Alfred Peza, ein weiterer Mitarbeiter bei Koha Jone, wurde am 5. März von der Polizei in Fier (im Süden) freigelassen. Zuvor hatten sie bestritten, etwas über seinen Verbleib zu wissen. Der Journalist wurde nach seiner Festnahme drei Stunden lang unter Folter über die Zeitung und ihre Herausgeber verhört.

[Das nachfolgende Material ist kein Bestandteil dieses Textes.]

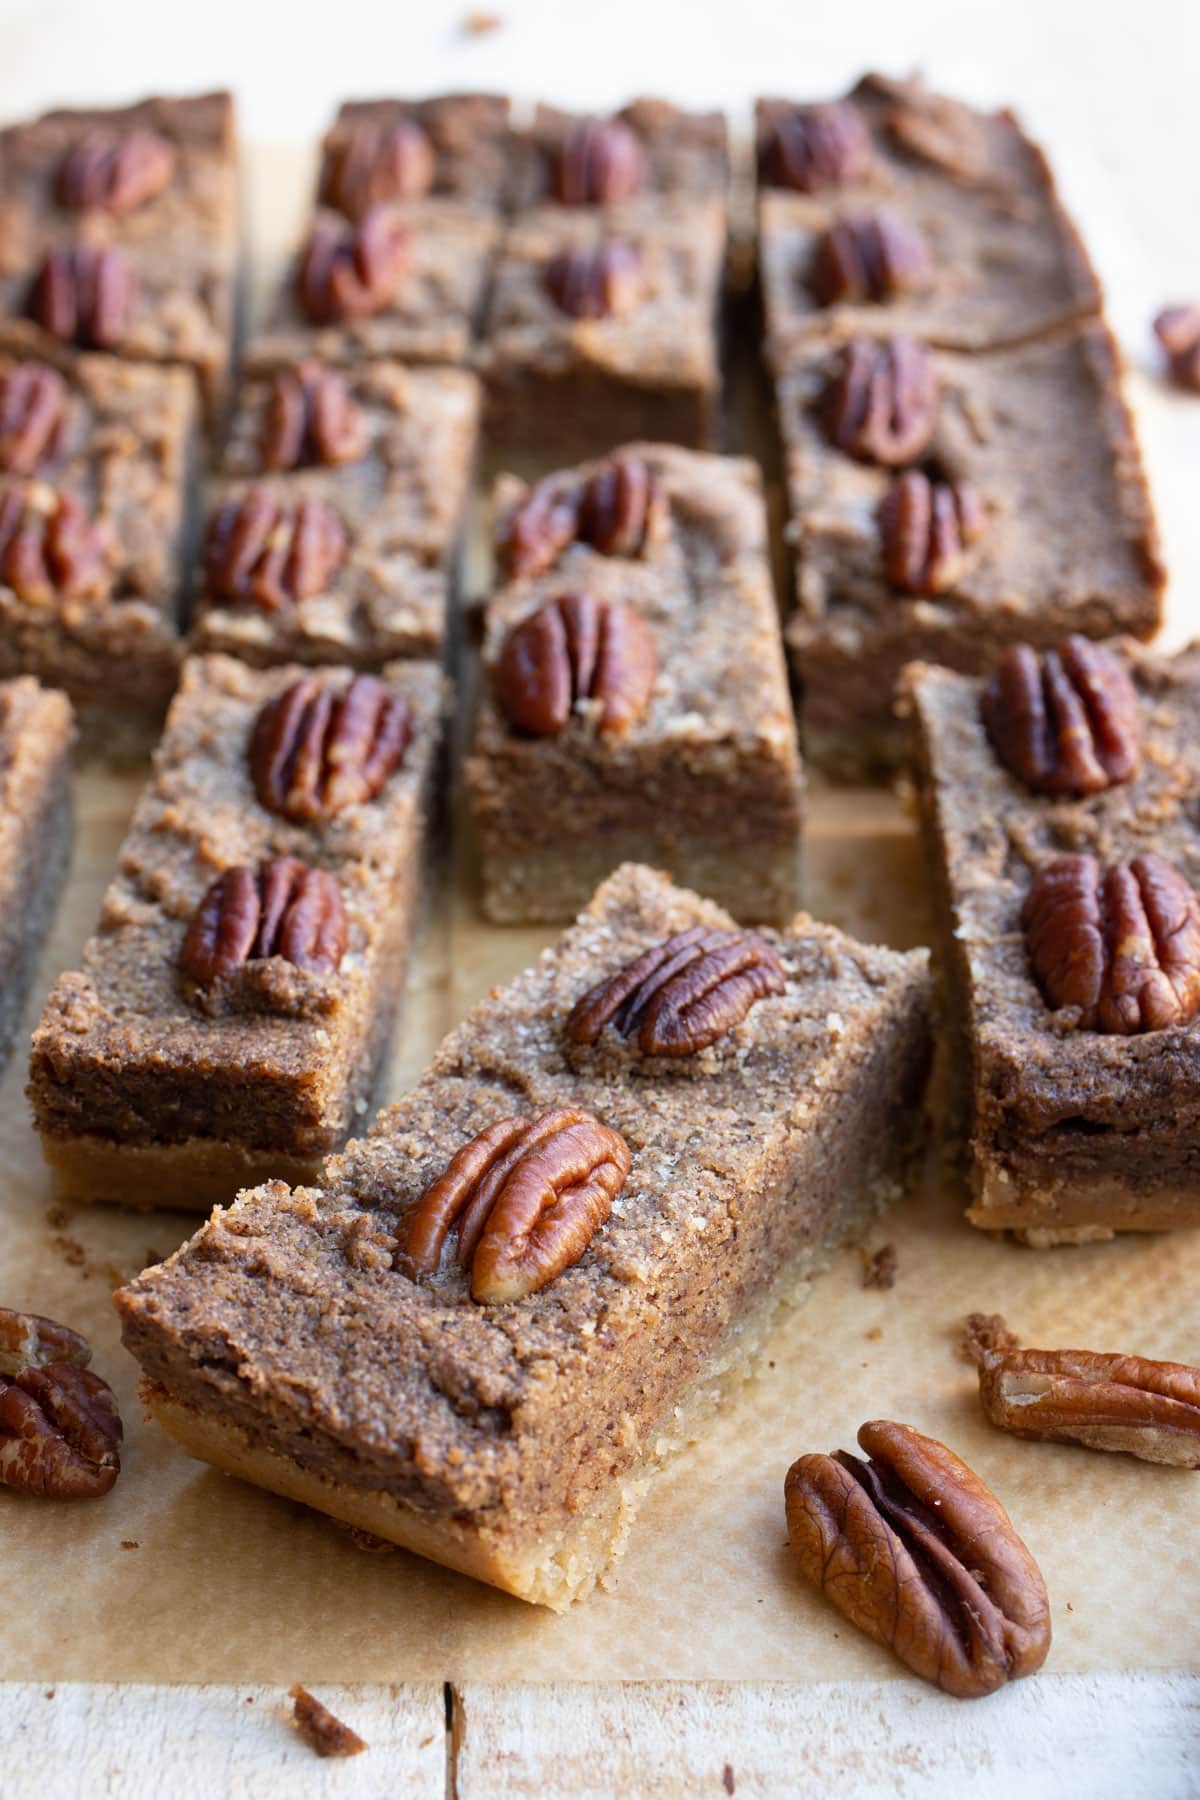 A pecan bar topped with pecan halves.

Das Haus von Shpetim Nazarko, Herausgeber der unabhängigen Zeitung Dita Informacion, wurde im März von Unbekannten mit Maschinengewehren beschossen. Wenige Tage zuvor war die Bar "West", bekannter Treffpunkt von Journalisten und Intellektuellen, Ziel eines Brandanschlags. Auch die ausländische Presse blieb nicht verschont: Sendungen von Voice of America und BBC wurden unterbrochen, eine mobile Sation von UER konnte keine Fernsehbilder übertragen; internationalen Berichterstattern wurde die Einreise in den Süden des Landes verwehrt. Die Aufständischen schreckten schon am 28. Mai letzten Jahres nicht davor zurück, Journalisten von APTV, El Mundo, Reuter, Agence France Presse, EFE, Mlada Fronta Dnes und Nasa Borba anzugreifen.